Мы впали в нынешнее состояние не по своей вине, как французы, и не по чьей-либо личной вине; оно стояло на нашем историческом пути, как опасное место в скачке с препятствиями, — а наша история была именно самой головоломной скачкой с постоянными препятствиями. Отдав все свои силы, без остатка, в продолжение четырех веков, на создание государства и народа, прочно закрепив напоследок свое национальное бытие, мы поневоле должны были пойти в науку к Европе, потому что не умели ни разведывать собственные руды, ни отливать собственные пушки, и вынесли из полуторавекового обучения то, что должны были вынести из него — образованность и науку, но в то же время полное обезличение и полную бессвязность взращенных на русской почве европейцев, всего нашего культурного слоя. Обезличение явилось необходимым последствием умственного состояния, в которое как долго было погружено русское общество, заимствовавшее всякое звание из чужих рук без возможности проверить его на собственном деле и собственном опыте: свое дело и свой опыт были приостановлены у нас петровским преобразованием, заменившим стремление к общественному развитию — развитием личности. Русское правительство воспитательного периода учило своих подданных, а потому не могло ни в какой мере учиться от них, не могло допустить общественной самодеятельности школьников; оно воспитывало русских европейцев не для общественных, а для государственных целей, для армии и администрации, вследствие чего эти люди, представлявшие собой все русское культурное сословие без остатка, были связаны взаимно только отношениями служебными, но были совершенно разобщены и между собой, и с народом как граждане. Мы воспитались в общественной бессвязности, прикрытой наружно екатерининскими губернскими учреждениями. Обезличение и бессвязность — самые явные черты современного русского общества, хотя вовсе не коренные его свойства, потому что истекают не из народного характера, а из чисто школьного воспитания. Тем не менее они составляют нашу главную, даже единственную болезнь, в них корни всех наших частных болей. Мы нуждаемся именно в том лекарстве, которое способно вылечить нас от обезличения и бессвязности.

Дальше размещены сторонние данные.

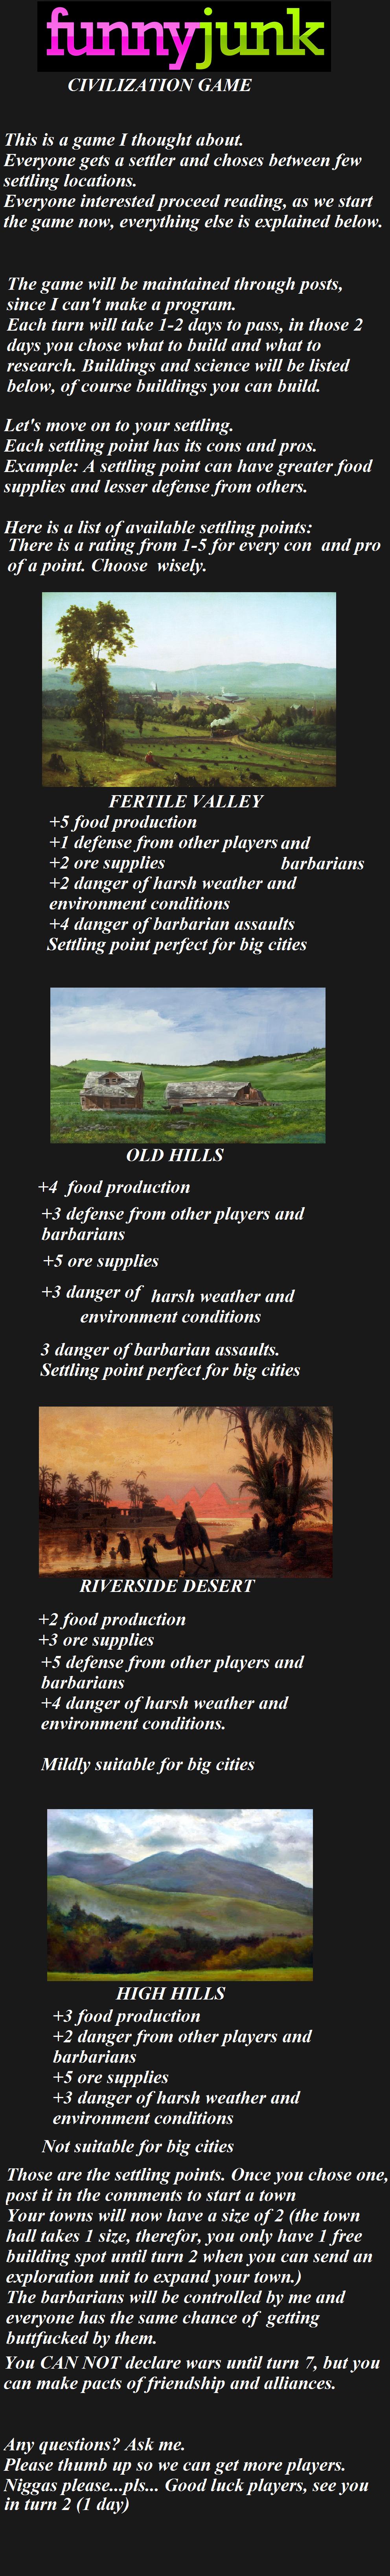 FJ civilization game. .

Как ни слабо было спаяно образованное русское общество, выросшее поодиночке, человек за человеком, изо всех народных слоев русской земли в продолжение воспитательного периода, оно находило еще недавно некоторое, хотя наружное объединение в своем сословном значении. Вызванное к самодеятельности с окончанием школьного периода, оно непременно срослось бы, и довольно скоро, в нечто цельное, не мешая развитию русской жизни ниже, под собою, так как оно было, по существу, сословием не кастовым, а политическим, открытым снизу. В то время, когда совершались наши последние преобразования, всемирный опыт достаточно уже выяснил условия правильного общественного развития: можно было уже не сомневаться в истине, что эта правильность зависит исключительно от связности и постепенного, естественного, а не искусственного разрастания образованных слоев, воспитанных исторической жизнью; что право на непрерывное развитие, не подверженное никаким колебаниям, осталось только за народами, умевшими оградить себя от вторжения толпы в не принадлежащую ей область — за Англией, в силу твердого закона и укорененных обычаев, за Америкой, в силу одних твердых политических нравов; что существование полноправных общественных слоев, руководящих народной жизнью и способных к известной доле единодушия, невозможно без прочной сердцевины — по крайней мере у нас, в старом свете, слишком опутанном своим прошедшим.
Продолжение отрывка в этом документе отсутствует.